▶ [MATERIAL SHOWN]
"""

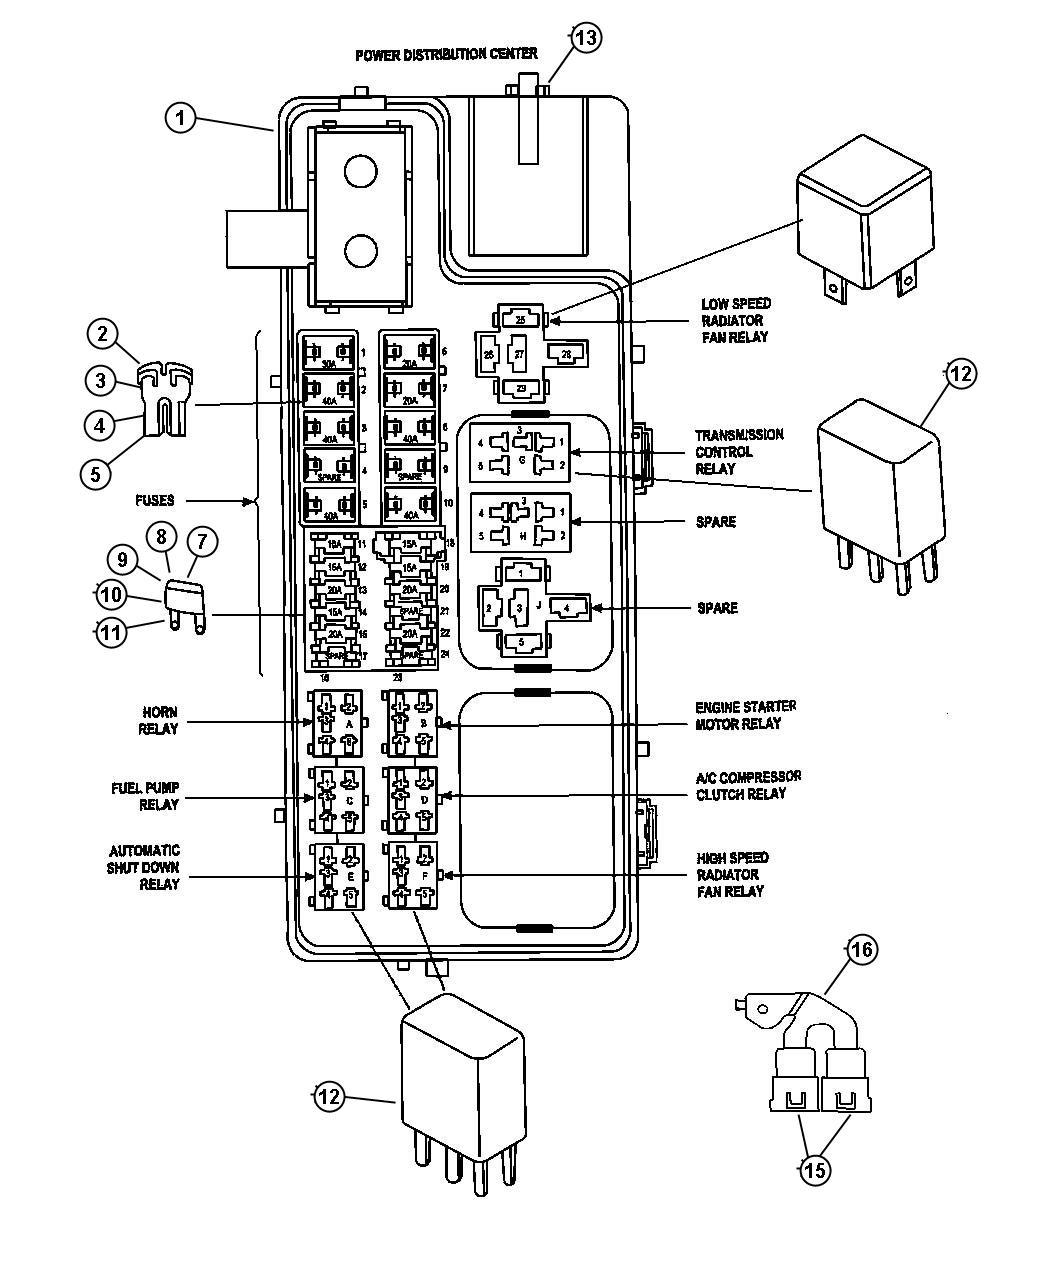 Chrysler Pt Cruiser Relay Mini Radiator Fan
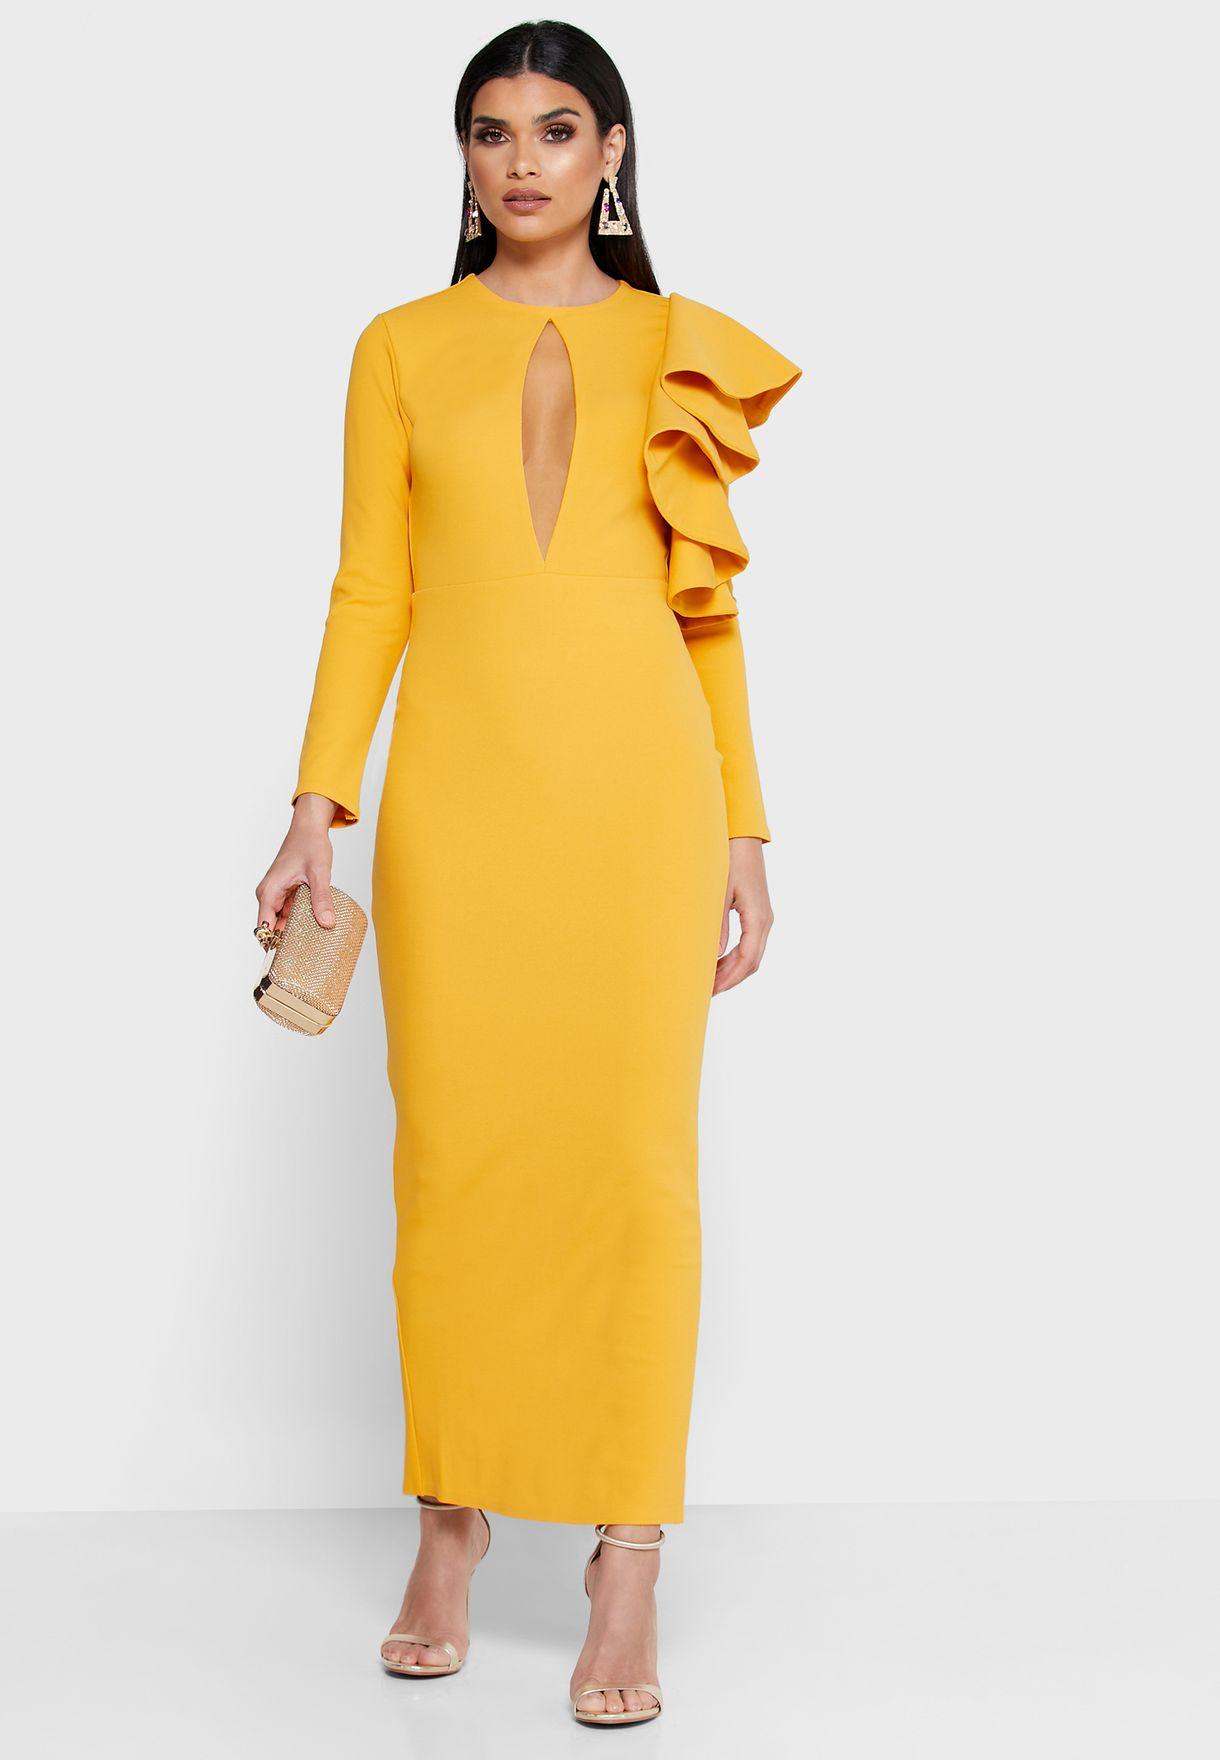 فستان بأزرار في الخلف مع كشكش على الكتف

"""
"""

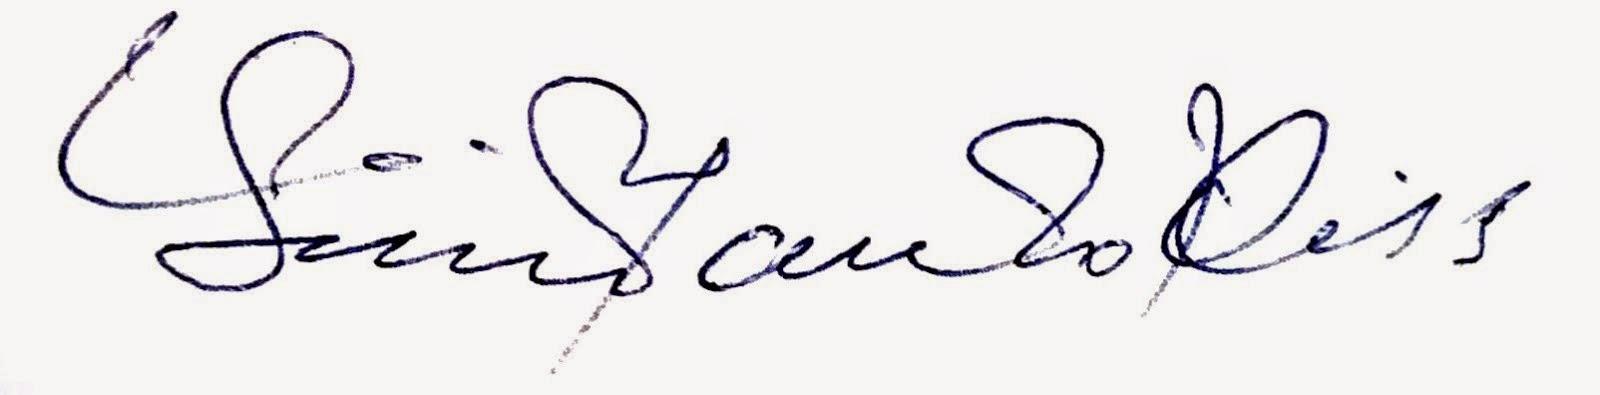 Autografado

"""

▶ [EXERCISE PROMPT] Within the listing above, find the line containing "Chrysler Pt Cruiser Relay Mini Radiator Fan" and the line containing "فستان بأزرار في الخلف مع كشكش على الكتف". Transcribe them and everything between them exactly, leaving out the pictures.

▶ [YOUR RESPONSE]
 Chrysler Pt Cruiser Relay Mini Radiator Fan
 فستان بأزرار في الخلف مع كشكش على الكتف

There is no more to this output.